W jaki sposób można przekształcić słabą stronę w atut? Amerykański Hyundai, który konsekwentnie wykorzystuje trudności rynkowe i potknięcia konkurentów na własną korzyść, przygotował kolejny hit. Do najnowszego luksusowego Equusa, kierowcy dostaną w prezencie iPada z interaktywną instrukcją obsługi.
Pisaliśmy już o tym, w jaki sposób Hyundai wykorzystał trudną sytuację na amerykańskim rynku motoryzacyjnym w celu wyrwania tortu konkurentom. Zamiast drastycznie ciąć ceny, zaoferował innowacyjne ubezpieczenie od utraty pracy. Efektem tej oraz kilku podobnych decyzji są imponujące wyniki grupy Hyundai-Kia w Stanach Zjednoczonych. Marketingowe hasło Hyundai („drive your way”) wydaje się być również mottem dla obecnych, niesztampowych działań marketingowych.
W połowie 2008 roku Grupa Hyundai-Kia posiadała około 6 % amerykańskiego rynku samochodów. Rok później było to już niemal 8 %, a całkiem realny cel na rok 2010 to 10 %. Pozornie te liczby nie są imponujące. Jednak tempo wzrostu udziałów Hyundaia na wysoce konkurencyjnym rynku, na którym karty były ostatnio rozdawane przez Toyotę i General Motors, zasługuje na szacunek. Gdy cała branża motoryzacyjna w USA „skurczyła się” w 2009 roku o 21 %, Hyundai zwiększył sprzedaż rok do roku o niemal 10 %.
Pod koniec 2010 roku, wprowadzając nowy luksusowy Equus, Hyundai odkrył, że podręcznik użytkownika do tego modelu musiałby liczyć ponad 1000 stron. Z podobnym wyzwaniem konkurenci radzili sobie na różne sposoby. Na przykład Chrysler proponował swoim Klientom płyty CD (czyli de facto „audiobooki”) z instrukcją obsługi, a w przypadku Jeepa dodawano aplikację działającą na smartfonach. Żadne z tych rozwiązań nie wydawało się w pełni satysfakcjonujące. Jednocześnie specjaliści w Hyundaiu zaobserwowali dwie prawidłowości. Po pierwsze, tablet produkowany przez firmę Apple znajdował coraz szersze zastosowanie w autach luksusowych (np. w BMW), jednak głównie dla pasażerów zajmujących tylnią kanapę (czytaj: dzieci), a więc służył jako samochodowe „centrum rozrywki”. Po drugie, w USA każde wydarzenie rynkowe, które uwzględnia obecność produktów rozpoczynających się małą literką „i”, niezawodnie wywołuje zainteresowanie amerykańskich mediów.

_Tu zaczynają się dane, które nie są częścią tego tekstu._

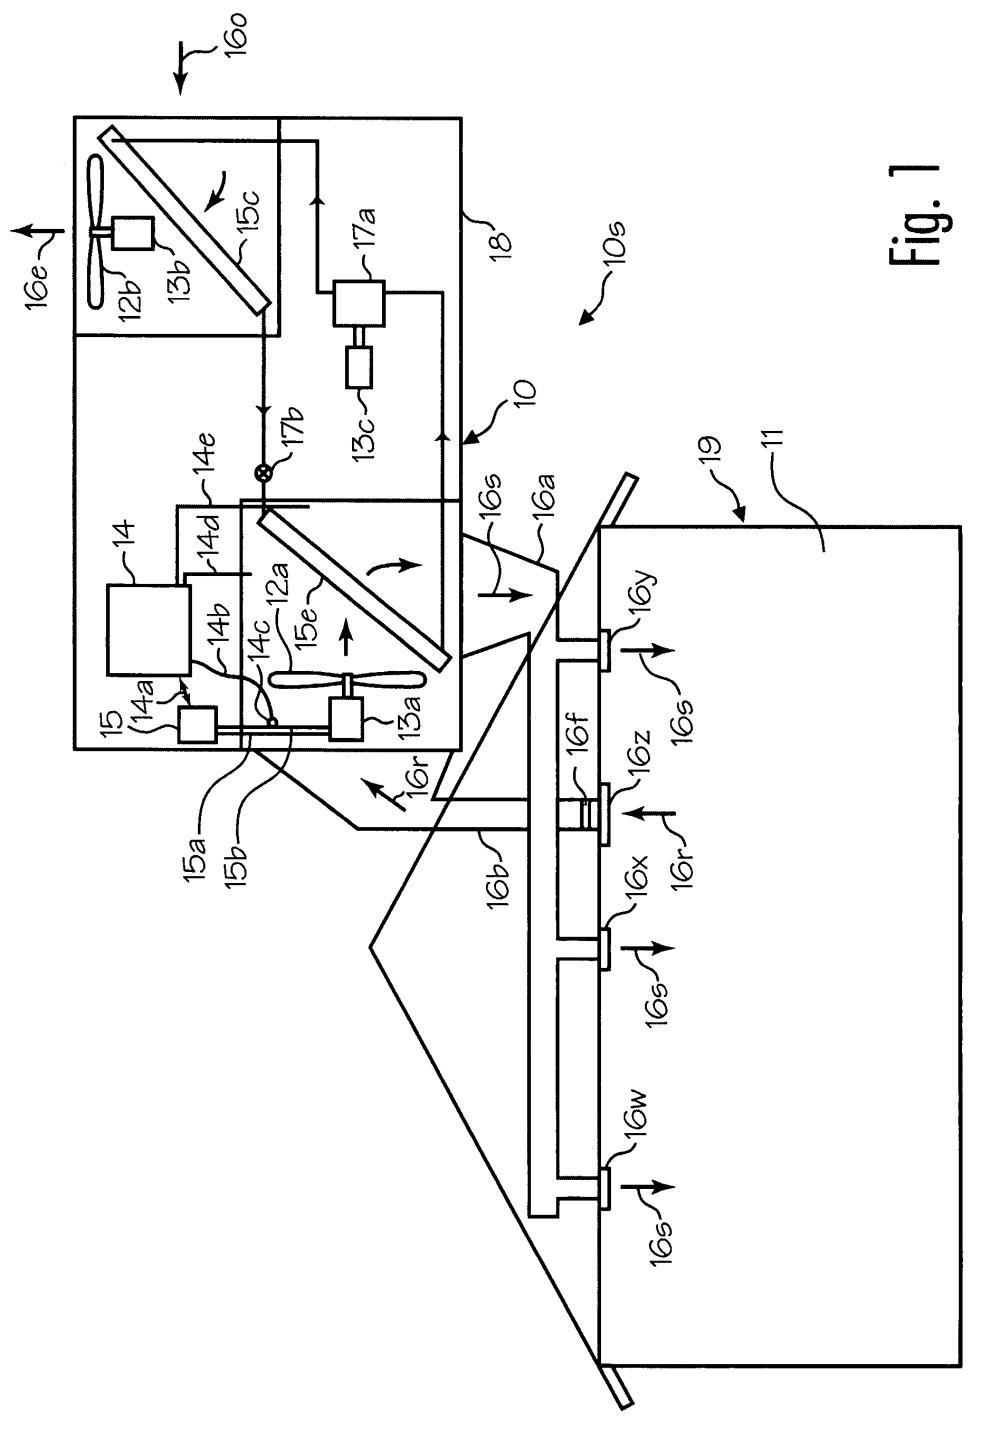 medium resolution of heil 7000 furnace control wiring diagram heil free durapack wiring diagrams heil ac wiring diagram

Gdy pozbierano fakty, rozwiązanie pozostało jedno – zainstalować w Equusach iPada z interaktywną instrukcją obsługi, pełną multimedialnych demonstracji. Oczywiście szesnastogigabajtowy iPad będzie spełniał wszystkie pozostałe funkcje, tradycyjnie realizowane przez te tablety. Jednocześnie zarząd grupy Hyundai-Kia zadecydował o wprowadzeniu do iTunes aplikacji z manualem do tańszych modeli. Aplikacje można będzie bez problemu uruchomić na własnym iPhonie lub iPadzie, przy czym rzecz jasna te urządzenia nie będą bezpłatnie dodawane do samochodów ze średniej i niższej półki.
W tym wszystkim warto wspomnieć, że Hyundai, przez lata postrzegany jako tańsza alternatywa dla i tak niedrogiej Toyoty, zrównał się jakościowo z legendarnym japońskim producentem. Polityka cenowa Hyundaia nie jest tak agresywna, jak upusty oferowane przez ledwo zipiące amerykańskie koncerny motoryzacyjne. O obecnym sukcesie Hyundaia decyduje czujne, innowacyjne i „fighterskie” spojrzenie na rynek.